A model predicting methicillin resistant Staphylococcus aureus in mechanically ventilated patients with 98% sensitivity, 47% specificity, and a positive predictive value of 0.65 has been developed. In this study, admission from the ED was found to be the most predictive factor/feature.22 Other models have been developed to diagnose bloodstream infections early23 as well as predict their outcomes.24 In a study in Israel, an ML algorithm analyzed patient data and predicted patterns of bacterial resistance, resulting in researchers’ being able to reduce the number of mismatched antibiotic prescriptions for urinary tract infections by 30–40%.25 It is possible that future models may assist providers with the detection of pathogens and the selection of appropriate antibiotics.
A model predicted extubation failure using 89 clinical and laboratory variables as inputs performed with an AUC of .83 when trained on the MIMIC-IV dataset and areas under the receiver operating curve (AUC) of 0.8 in prospective validation on an external dataset.26 Examining what the algorithm had learned, researchers found that mechanical ventilation (MV) duration and pressure support ventilation (PSV) levels were the most influential factors the model used in making these predictions. Another model was developed to predict prolonged mechanical ventilation with an AUC of .85 and tracheostomy placement with an AUC of .83 using six different severity of illness scores calculated on the first day of ICU admission.27
Predictors for mortality and disease severity are already employed in clinical medicine, such as the Acute Physiologic and Chronic Health Evaluation (APACHE-IV) and Simplified Acute Physiologic Score (SAPS).
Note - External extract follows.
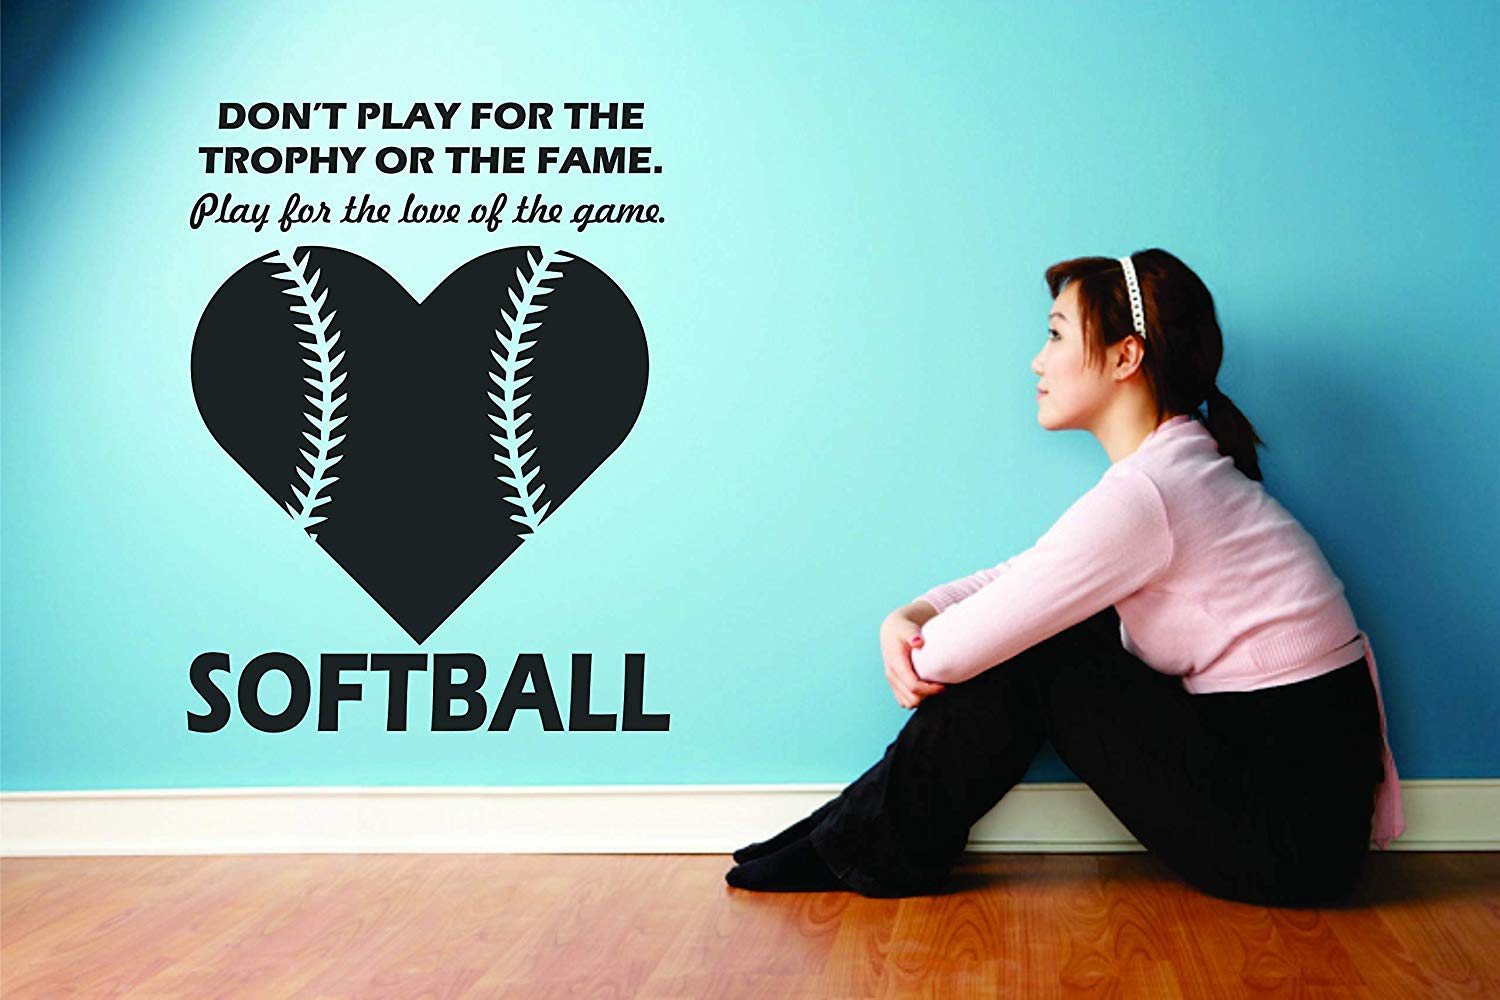 5 Inspiring Softball Quotes to Fuel Your Passion

An interesting study used ML to not only predict overall ICU mortality with high accuracy but also to sort through the model parameters to explain which factors were most predictive of mortality.23 These investigators were able to determine hospital mortality with an AUC of 87–91% compared to the AUC of 0.88 using APACHE-IV achieves. Machine learning identified factors like a significant increase in creatinine level was likely to precede mortality, even though this had been considered an unimportant factor. The model was also able to detect time-dependent patterns, such as an increase in glucose level commonly seen 16 hours prior to death. These are signals that are too complex for humans to monitor, but these models can and do excel at continuously monitoring and alerting physicians that the signal is more than a simple upward or downward trend.28 One study suggested that models may become more predictive with greater length of stay,29 possibly due to more data or selection for patients that have more severe illnesses. In contrast, another study found ideal mortality prediction at approximately 2 days into ICU admission,30 although this may be due to the frequency of data sampling provided to the model or fewer patients with longer ICU stays.29,30 Predictors of mortality from specific pathologies, such as sepsis,31 heart failure,32 and acute kidney injury33 have also been studied.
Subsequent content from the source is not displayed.